6 minute read

This blog introduces the architecture and implementation of a multiplayer Third-Person Shooter (TPS) game demo built with Unreal Engine 5.4 (UE5). The project covers custom character movement, a networked combat system, projectile weapons with server-side lag compensation, and a dynamic HUD — all implemented in C++.

GitHub Repo: EricY019/TPSDemo


Project Overview

The demo supports the following player interactions:

Action Input
Move WASD
Jump Space
Sprint Left Shift (hold)
Slide X
Aim Mouse Right Button (hold)
Fire Mouse Left Button
Equip Weapon E (when overlapping weapon)

The game is fully multiplayer-ready using Unreal Engine’s built-in replication framework.


Architecture

The codebase is organized into the following major classes:

ADemoCharacter            - Main player character (ACharacter)
├── UCombatComponent      - Handles weapon equipping, aiming, firing
└── UDemoCharacterMovementComponent - Custom movement (sprint, slide)

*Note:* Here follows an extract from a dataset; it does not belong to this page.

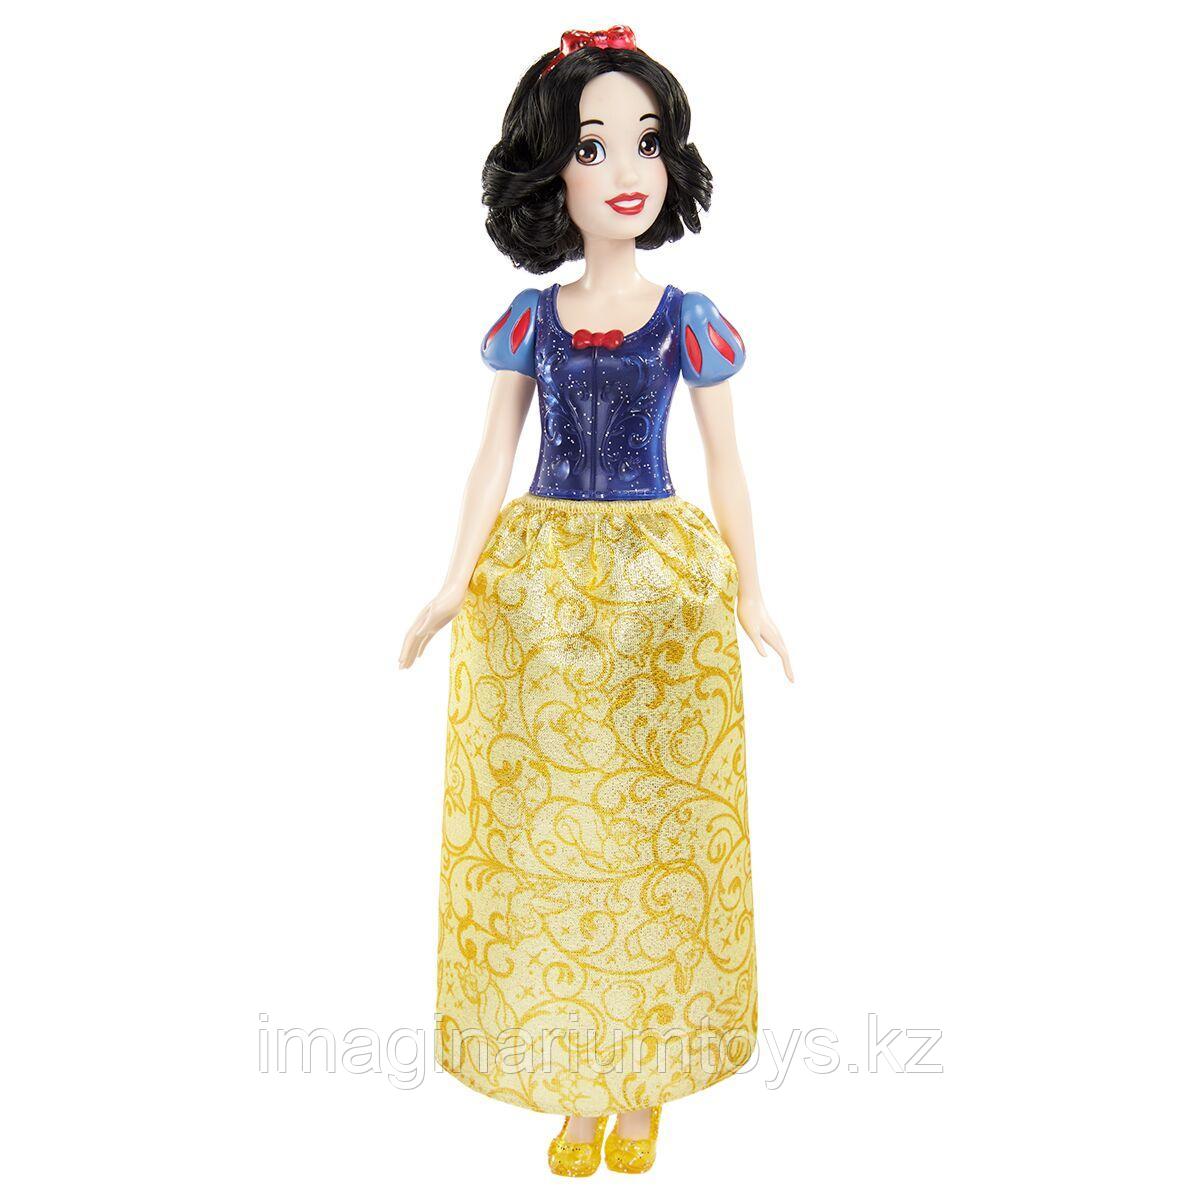 Кукла принцесса Белоснежка Дисней Mattel

AWeapon                   - Base weapon actor
└── AProjectileWeapon     - Projectile-based weapon (extends AWeapon)
    └── AProjectile       - Individual projectile actor

ADemoHUD                  - HUD (draws dynamic crosshairs)
ADemoGameMode             - Handles player elimination and respawn
ADemoPlayerController     - Player controller (updates HUD health bar)

Custom Character Movement: Sprint & Slide

One of the more interesting engineering challenges in multiplayer games is implementing custom movement modes that work correctly with Unreal’s client-side prediction system.

Why Custom Movement Needs Special Treatment

In a networked game, the server is authoritative. UE5’s CharacterMovementComponent uses a saved move mechanism: the client records each frame’s move, sends it to the server, and the server re-simulates it. If any custom state (e.g., “is sprinting?”) is not packed into the saved move, the client and server will desynchronize.

The FSavedMove_Demo Pattern

DemoCharacterMovementComponent extends UCharacterMovementComponent and introduces a nested FSavedMove_Demo:

class FSavedMove_Demo : public FSavedMove_Character
{
public:
    uint8 Saved_bWantsToSprint:1;
    uint8 Saved_bWantsToSlide:1;

    virtual uint8 GetCompressedFlags() const override;
    virtual void SetMoveFor(...) override;  // safe -> saved
    virtual void PrepMoveFor(...) override; // saved -> safe
};

The two boolean states (Safe_bWantsToSprint, Safe_bWantsToSlide) are packed into FLAG_Custom_0 and FLAG_Custom_1 of the compressed move flags, which are then transmitted to the server each tick.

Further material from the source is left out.